A garden fence can be a wonderful addition to your landscape, providing an attractive border for a flower garden or a functional barrier for a vegetable garden to protect it from wildlife. Before you begin constructing a fence on your property, research the building and zoning codes for your area and secure any necessary construction permits. Most states and communities have regulations regarding how close fences may be placed to property lines, as well as their height.
Functional Barrier Fences
If you have a vegetable garden, you may find that wildlife love your produce as much as you do. To keep wildlife out, construct a barrier fence to surround your entire garden. The fence should be 24 inches taller than the tallest plant you grow, and there should be at least 12 inches between the edge of your garden and the fence.

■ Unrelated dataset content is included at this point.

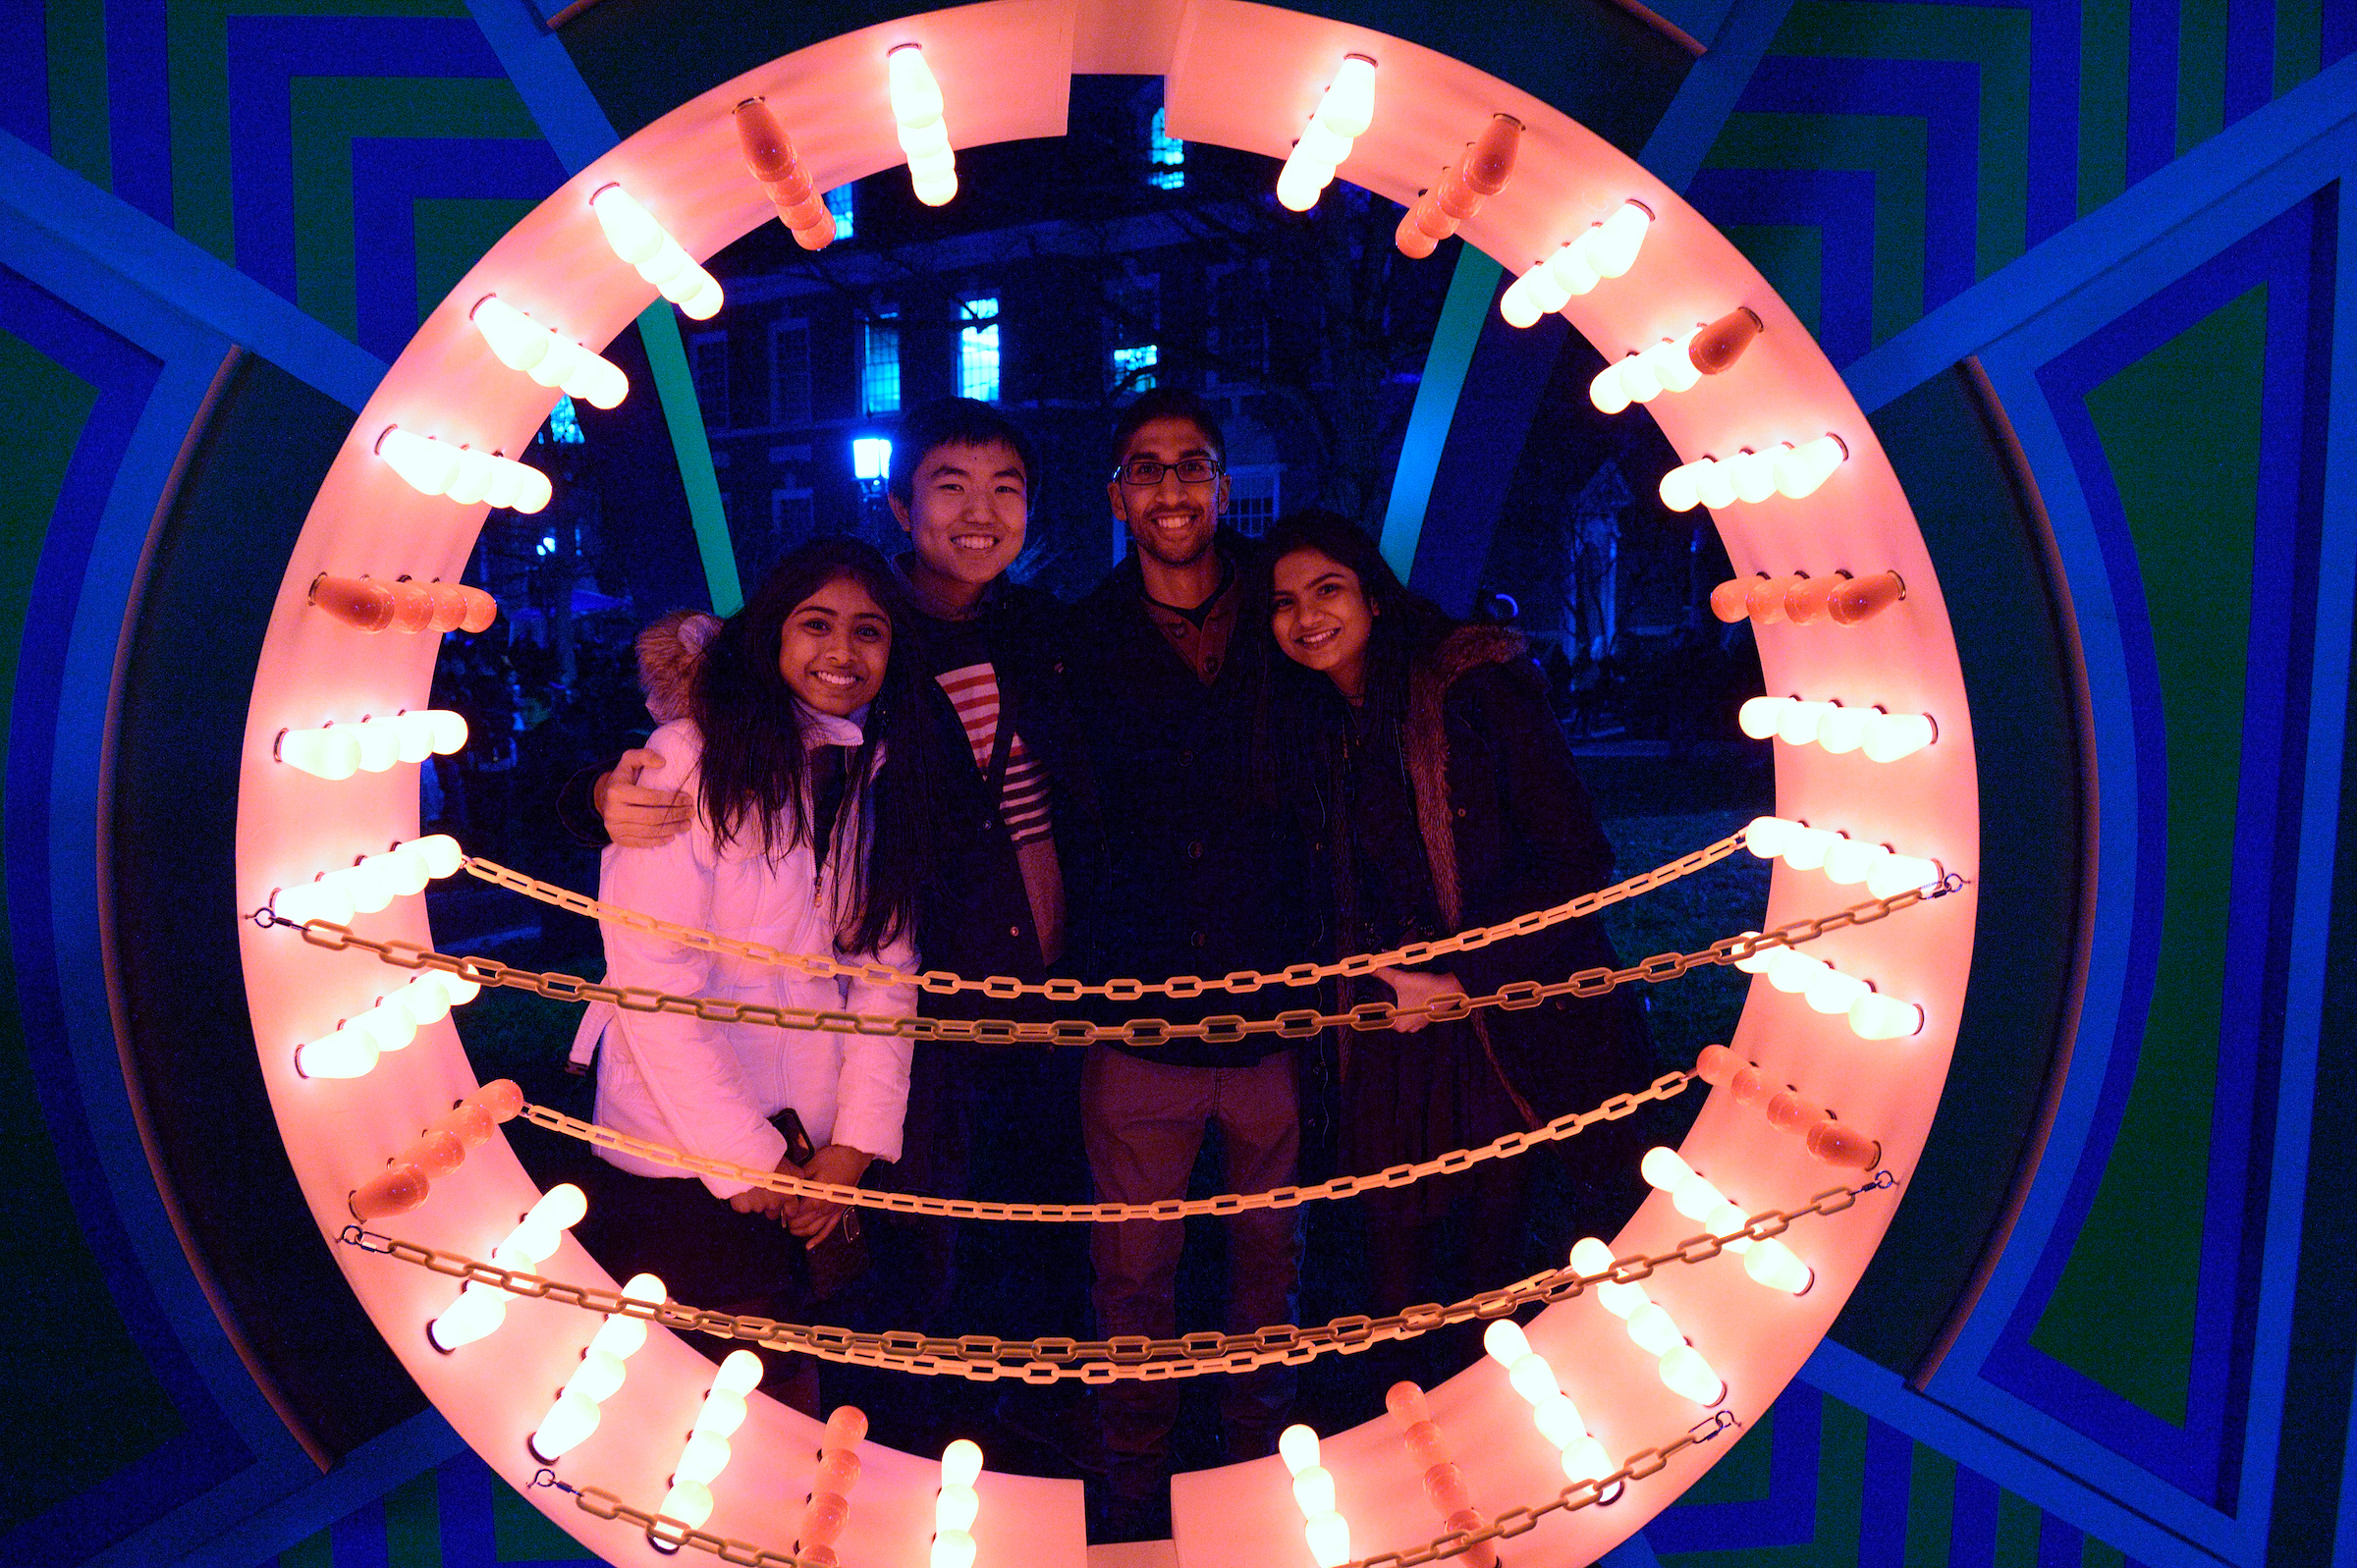 Four students posing for a photo, illuminated by a lighted sculpture by Scott Pennington.

The fence should extend below ground level to keep out burrowing animals like rabbits. Metal and plastic make good barrier fences. Use finely woven mesh between the vertical supports of the fence; the mesh should extend below ground. If birds are a problem, you can use mesh on top of the fence that will allow rain and sun to pass through while keeping birds out.
Decorative Garden Fences
A decorative garden fence may enclose a flower or herb garden, or use a broader definition and consider any landscaped area part of your garden. A garden fence can be constructed from a variety of materials. For example, a classic picket fence is made of wood or plastic. Synthetic fencing material offers an assortment of styles with less maintenance. Fences can be made from stone or a combination of stone and wood. Traditional chainlink fences are made from metal. Consider using plant life as a fence: plant a hedge of evergreens, holly, oriental grasses, bamboo or tall flowers.
Creative Garden Fences
When it comes to garden fences, the only limits are your creativity and budget. For example, if you like plants, consider using large potted plants or even potted trees for your fence corners or an entire fence. Consider interspersing large potted flowering plants with evergreen shrubs. Use climbing plants on supports to accent gates or to create a fence.